Breaking News

Musyawarah Ulama dan Tokoh Umat Se-Sumatera Bahas Strategi Kepemimpinan Umat Masa Depan


Jendelakita.my.id. - Musyawarah Ulama dan Tokoh Umat Se-Sumatera menjadi forum strategis yang mempertemukan para ulama, tokoh agama, dan tokoh masyarakat dari berbagai daerah di Sumatera dalam rangka membahas arah kepemimpinan umat di masa mendatang. 

Kegiatan ini dibuka secara resmi oleh Wali Kota Palembang, Drs. H. Ratu Dewa, M.Sc., yang menegaskan pentingnya peran ulama dan tokoh umat dalam menjaga harmoni sosial serta mengawal pembangunan yang berorientasi pada nilai-nilai keagamaan dan kebangsaan. Pembukaan tersebut menandai dimulainya rangkaian diskusi dan musyawarah yang diharapkan mampu menghasilkan rekomendasi konstruktif bagi kemajuan umat.

Acara Musyawarah Ulama dan Tokoh Umat Se-Sumatera dilaksanakan di ruang rapat Asrama Haji Palembang pada hari Sabtu, 24 Januari 2026. Kegiatan ini dirancang berlangsung selama dua hari, yakni pada tanggal 24 hingga 25 Januari 2026, dengan agenda utama berupa dialog, pertukaran gagasan, serta perumusan pandangan bersama terkait tantangan umat dan kepemimpinan di masa depan. Lokasi penyelenggaraan di Asrama Haji Palembang dipilih sebagai simbol pusat pertemuan umat yang sarat dengan nilai spiritual dan kebersamaan.

Sebelum memasuki sesi sambutan dan pembukaan secara resmi, acara diawali dengan kata sambutan dari Ketua Panitia Pelaksana, Drs. Umar Said. Dalam sambutannya, Ketua Panitia menyampaikan apresiasi atas kehadiran para ulama dan tokoh umat dari berbagai latar belakang, serta menekankan bahwa musyawarah ini merupakan ikhtiar bersama untuk memperkuat peran moral dan intelektual ulama dalam kehidupan berbangsa dan bernegara. Ia juga berharap agar forum ini dapat berjalan dengan penuh hikmah, saling menghormati, dan menghasilkan keputusan yang bermanfaat luas.
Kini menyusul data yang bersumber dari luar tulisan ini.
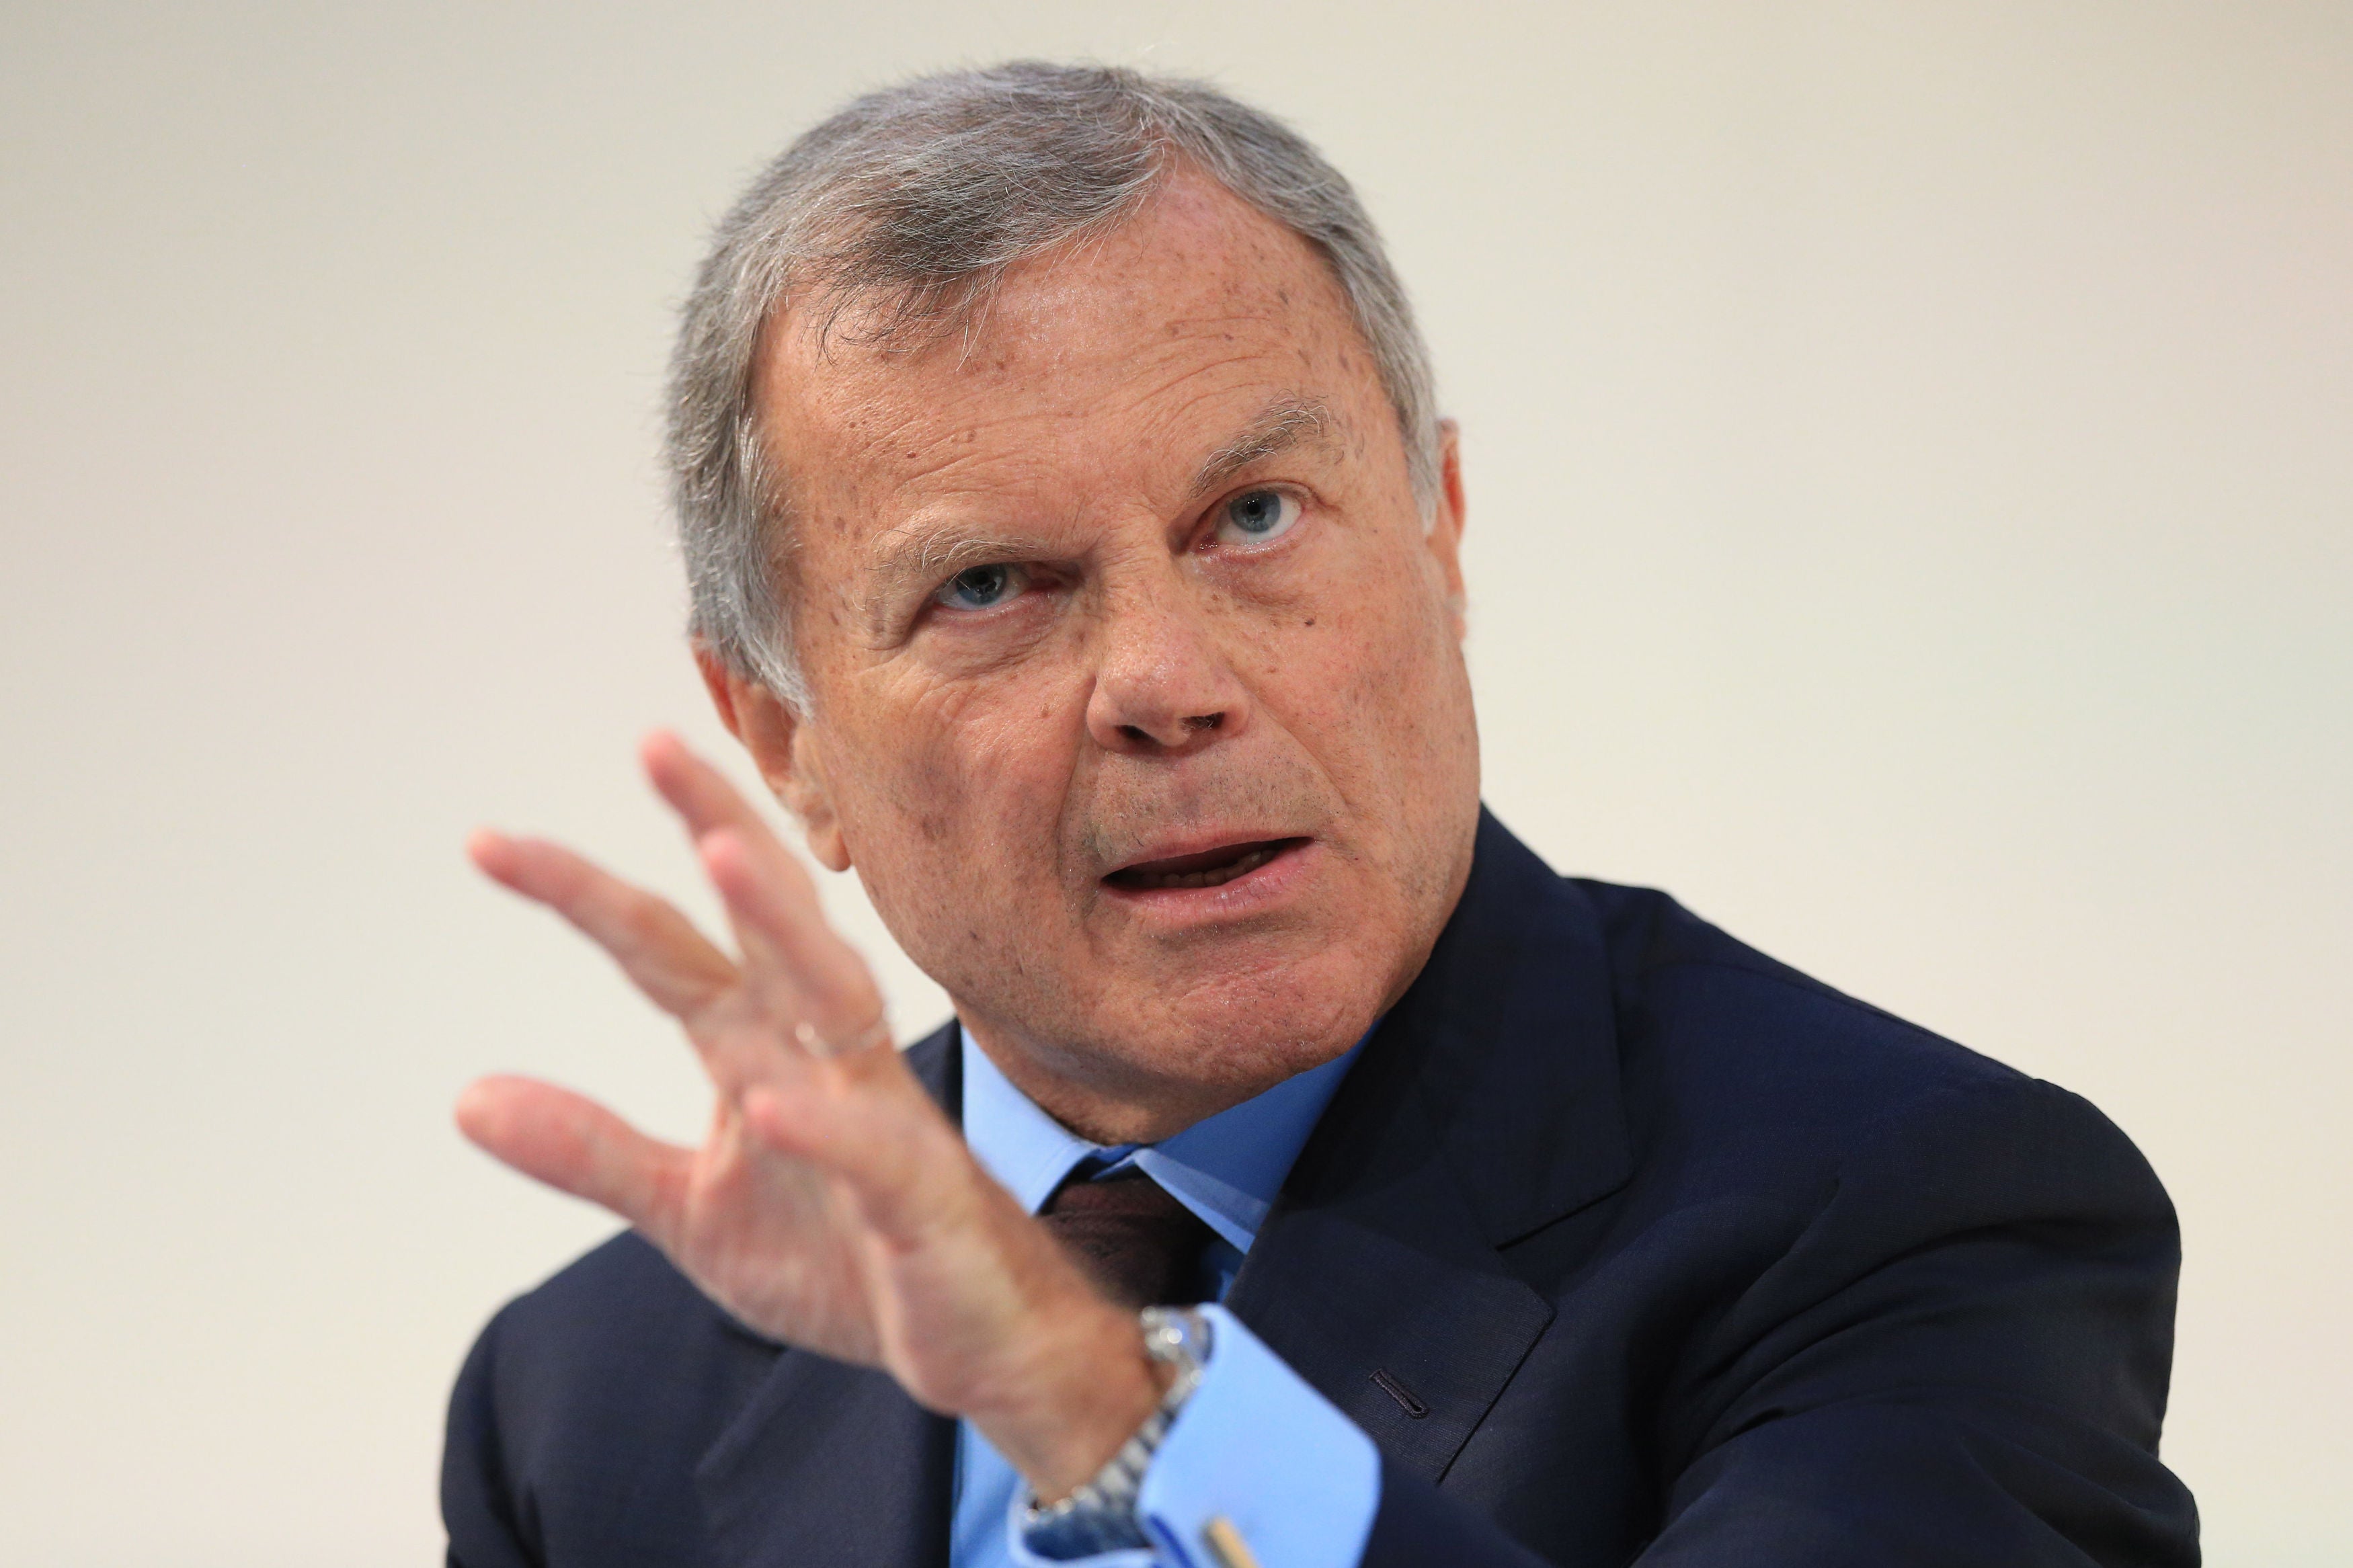 Financial Times apologises to former WPP boss Sir Martin Sorrell over article about 'disgraced' chief executives

Musyawarah ini turut dihadiri oleh sejumlah tokoh penting, baik dari kalangan ulama maupun tokoh nasional. Tampak hadir Prof. Dr. Aflatun Muhtar selaku Ketua Majelis Ulama Indonesia Sumatera Selatan, yang kehadirannya memperkuat legitimasi keulamaan dalam forum tersebut. Selain itu, hadir pula mantan anggota DPR RI, Dr. Achmad Yani, dari Partai Persatuan Pembangunan, yang kini dikenal sebagai pendiri sekaligus Ketua Partai Masyumi. Kehadiran tokoh nasional ini memberikan perspektif politik dan kebangsaan dalam pembahasan musyawarah.

Dari kalangan tokoh umat dan adat, musyawarah ini juga dihadiri oleh H. Albar Sentosa Subari, S.H., S.U., selaku Ketua Lembaga Adat Melayu Peduli Marga Batang Hari Sembilan. Partisipasi tokoh adat ini menunjukkan bahwa pembahasan kepemimpinan umat tidak hanya dilihat dari aspek agama dan politik, tetapi juga mempertimbangkan nilai-nilai kearifan lokal dan adat istiadat yang telah mengakar kuat di tengah masyarakat Sumatera.
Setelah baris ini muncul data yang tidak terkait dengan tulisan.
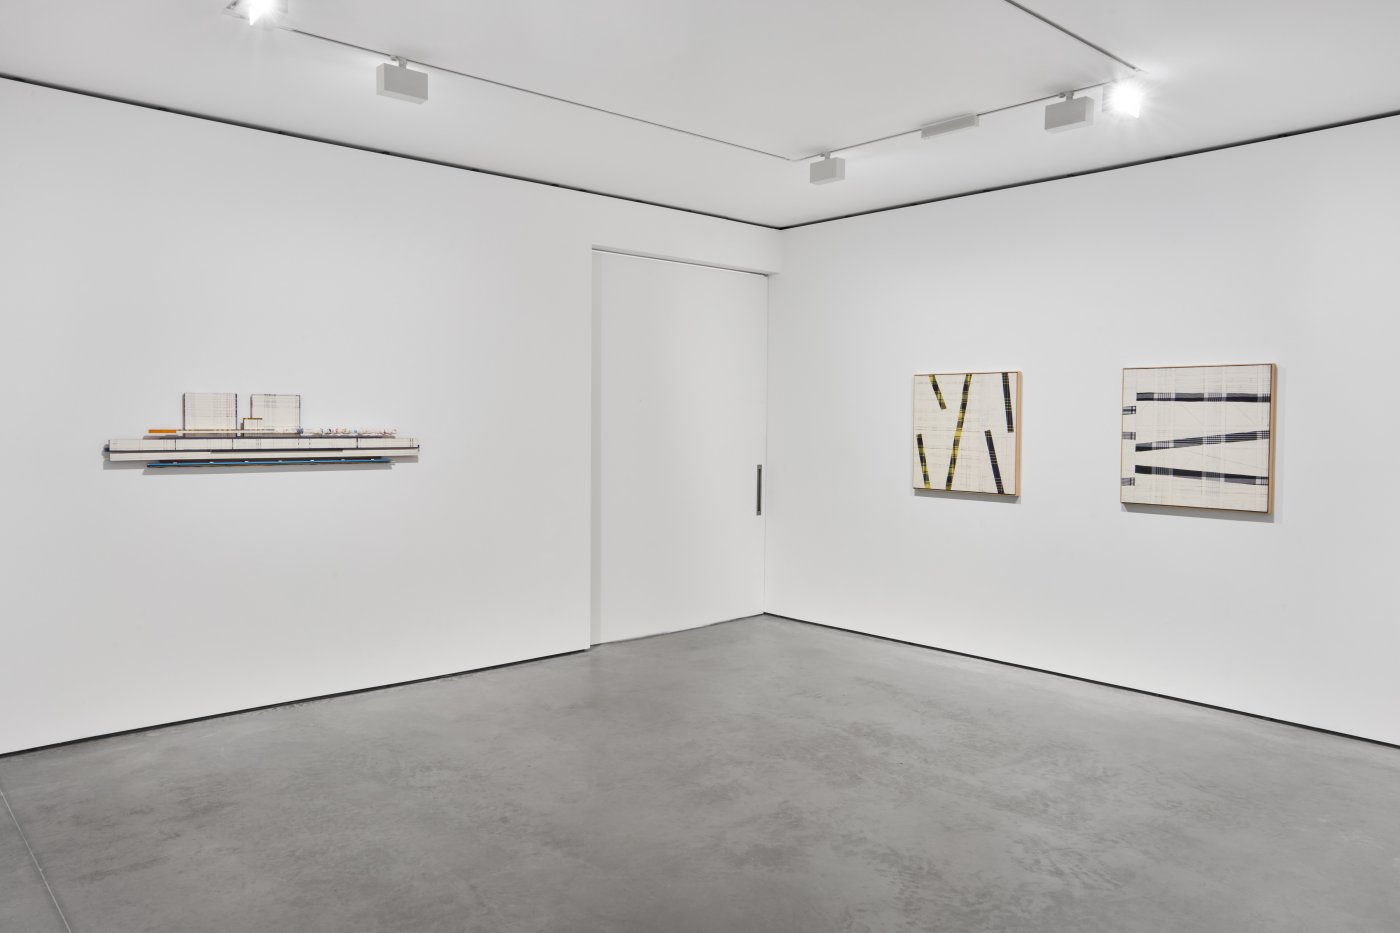 Installation image for Remy Jungerman: Fault Lines, at Goodman Gallery

Melalui musyawarah ini, para peserta berharap dapat memberikan masukan strategis mengenai bagaimana memperoleh dan menyiapkan pimpinan yang berkualitas untuk masa-masa mendatang. Kepemimpinan yang diharapkan bukan hanya memiliki kapasitas intelektual dan kemampuan manajerial, tetapi juga berintegritas tinggi serta berkomitmen terhadap pembangunan umat yang sejahtera, baik secara lahir maupun batin. Forum ini diharapkan menjadi langkah awal dalam membangun sinergi ulama dan tokoh umat demi masa depan umat yang lebih bermartabat.